Today in the newsletter: Interviews with Jockey Slut co-founder Johnno Burgess; freelance writer Shannon Nico Shreibak; Jan Reetze, the author of a new book about Krautrock; and American Gamelan and the Ethnomusicological Imagination author Elizabeth A. Clendinning. Plus! Some reading recs, a couple of YouTubes, the usual. But first…
Liz Pelly on Spotify’s podcast strategy
Jeffrey Arlo Brown goes deep on a mysterious classical music label
Jonathan Bernstein tells the story of the Black Country Music Association [h/t Laura Stavropoulos]
Kim Kelly on how heavy metal is grappling with white supremacy
Ashawnta Jackson highlights the surprising story of how guitars were once an instrument mostly played by women
Randall Roberts has recently published a few articles on music preservation
The first articles from the Global GROOVE electronic music journalism project are now available
Christopher Phillips profiles early rock critic Jon Landau
Q&A: Johnno Burgess
Johnno Burgess is a co-founder of the dance music magazine Jockey Slut. Inspired by the irreverent style of Smash Hits and a love of dance music, Jockey Slut captured the ‘90s electronic music scene in all of its ridiculous glory. (There’s a great piece about the magazine’s history in VICE from 2015.) Recently, Jockey Slut has reappeared—for the first time since it closed in 2004—for a tribute to the late Andrew Weatherall. In this excerpt from our interview, Johnno explains the idea behind the original incarnation of the magazine.
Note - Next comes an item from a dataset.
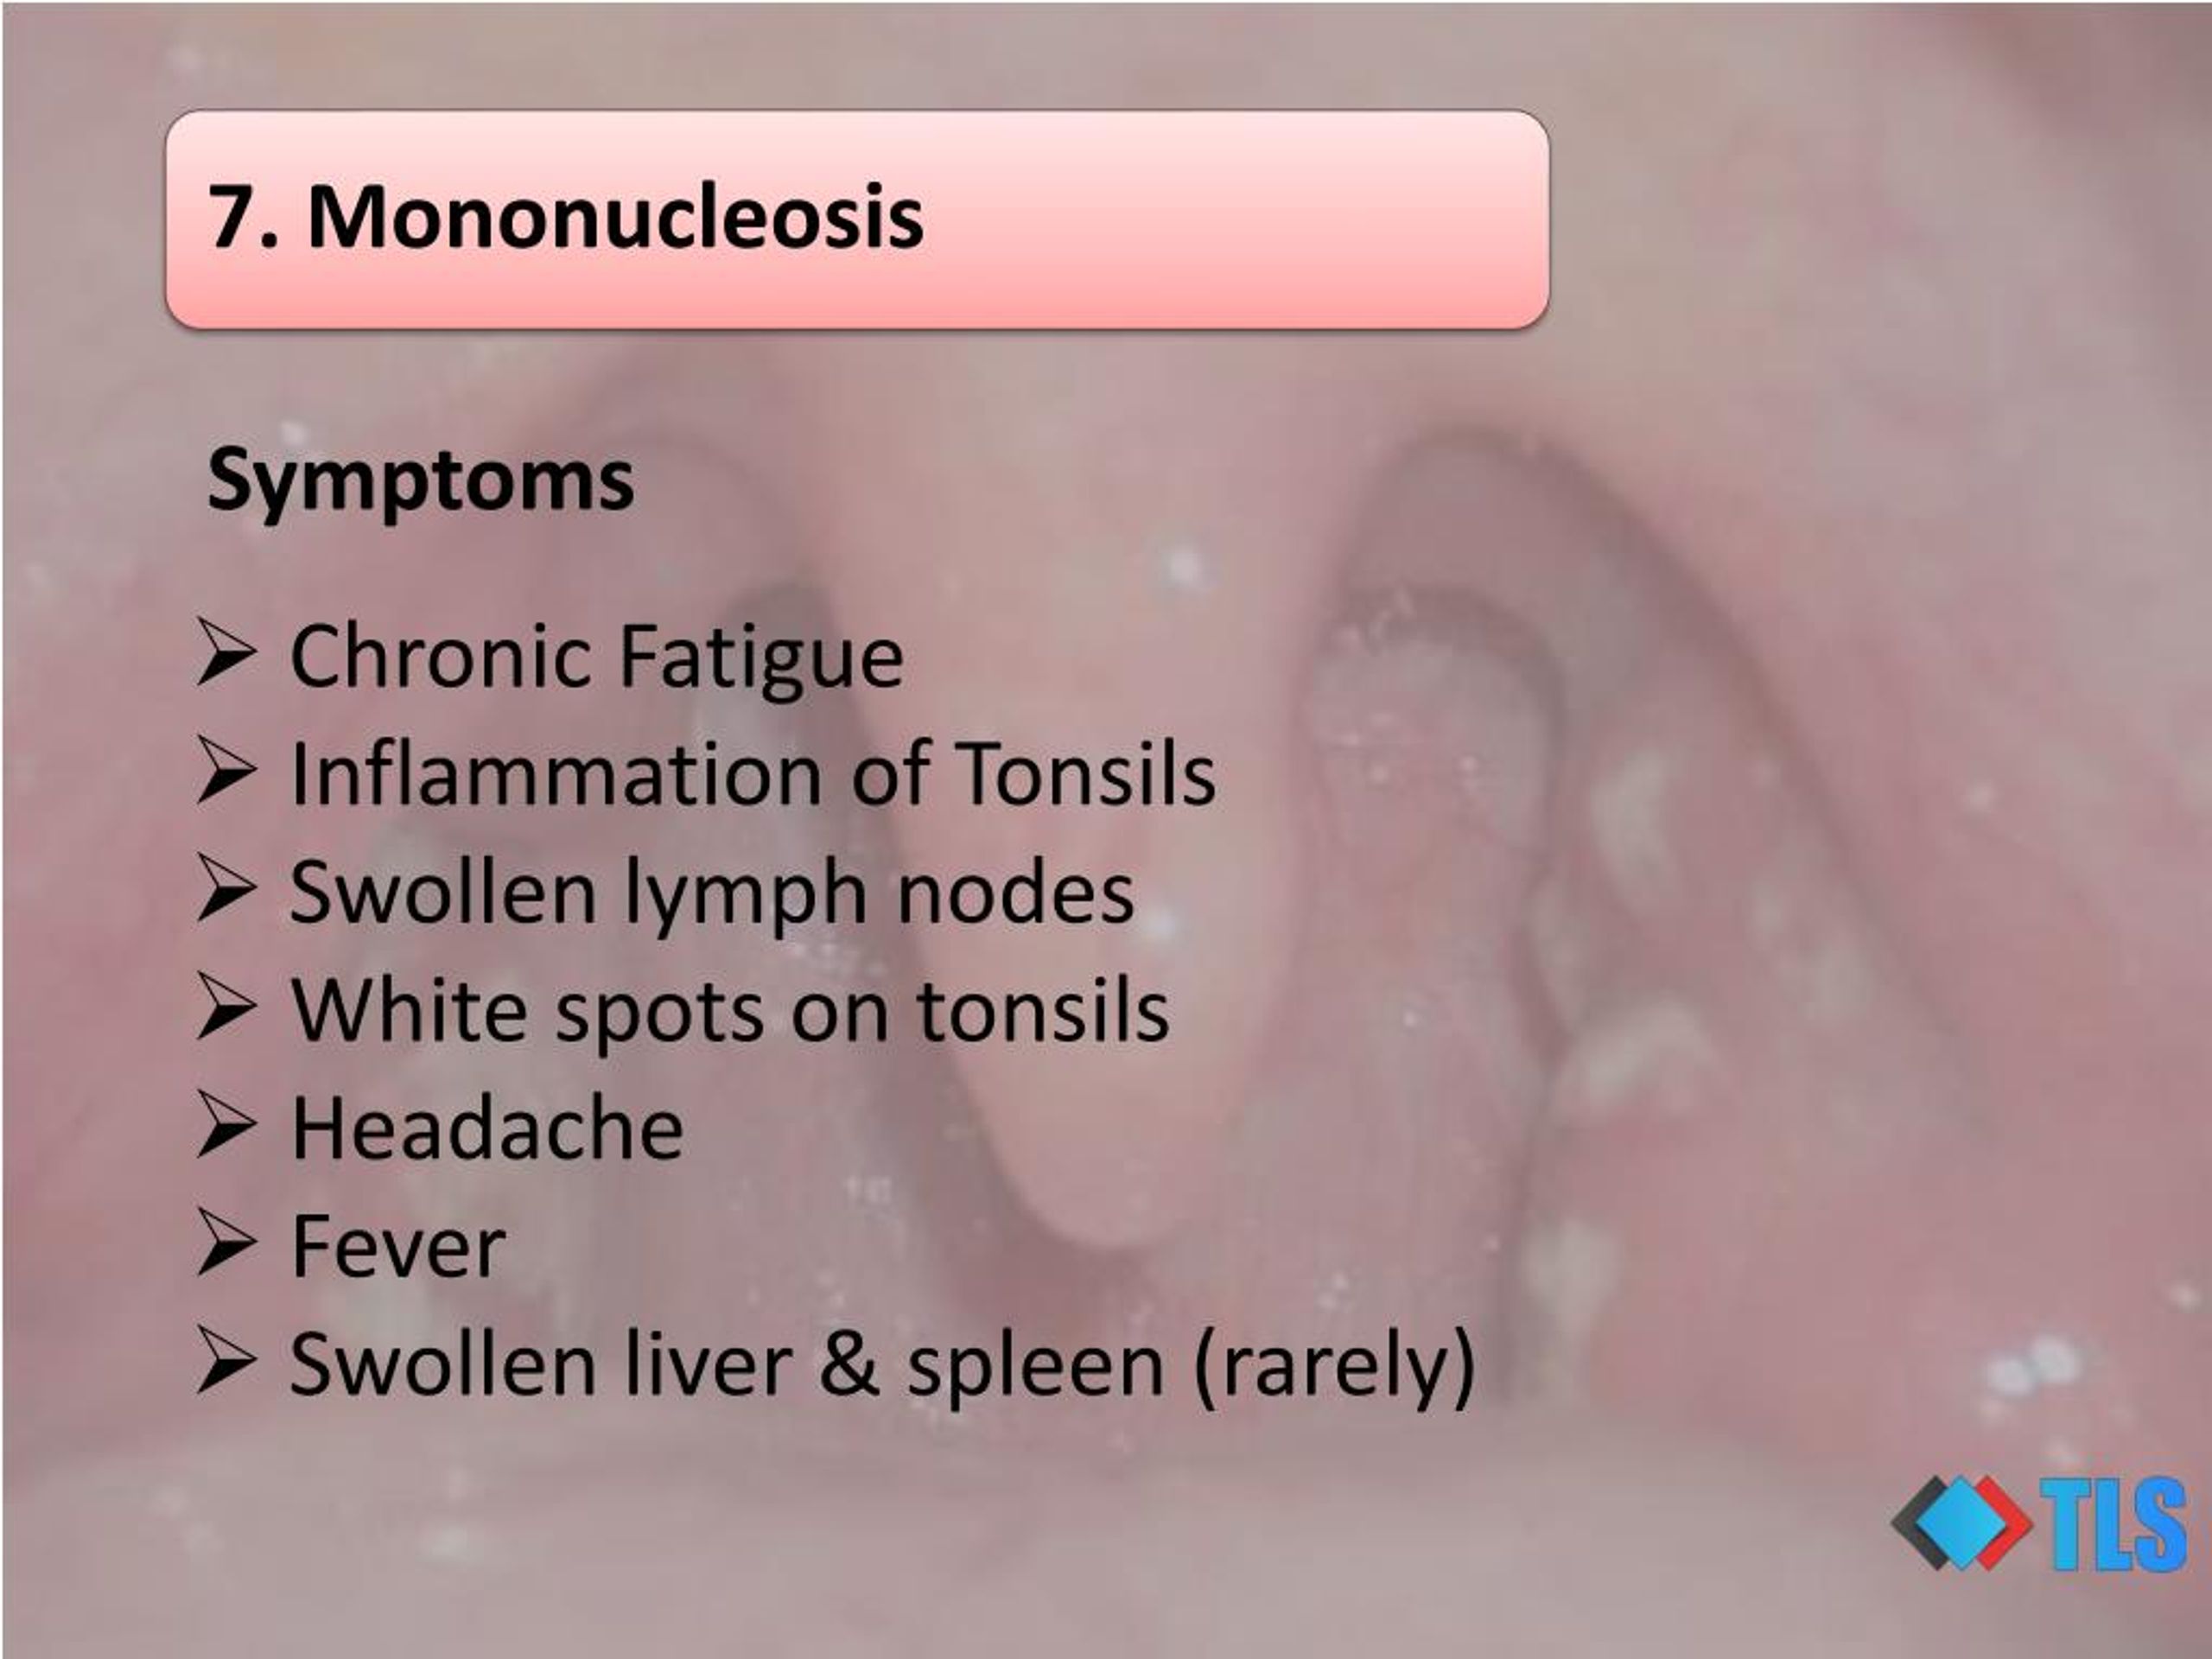 PPT - 8 Causes of White Spots On Tonsils You May Not Know PowerPoint ...

The name was originally going to be a t-shirt—a ‘DJ Slut’ (Disc-Jockey Slut) was a name Paul came up with to describe the mainly male trainspotters that would hang around a DJ booth attempting to see the records the DJ was playing. We liked the Manic Street Preachers who would use slogans like ‘Culture Slut’ and ‘Media Slut’ so that influenced it too. We started the magazine because we wanted to work on something after Polytechnic together and often talked about starting a fanzine when we were chilling out after a club (usually the Hacienda which closed at 2am). We also thought there was a gap in the market as club magazines like Mixmag and DJ Mag were very much about clubs or DJ technology and we wanted to write more about the personalities in techno like Andrew Weatherall or the Chemical Brothers.
Read the full interview with Johnno.
A Cause Worth Supporting
From Johnno Burgess:
I’d like to highlight Mind, which we also gave 10% to last year when we sold some Jockey Slut t-shirts. The nation’s collective mental health is going to take a lot of healing after this (and next) year.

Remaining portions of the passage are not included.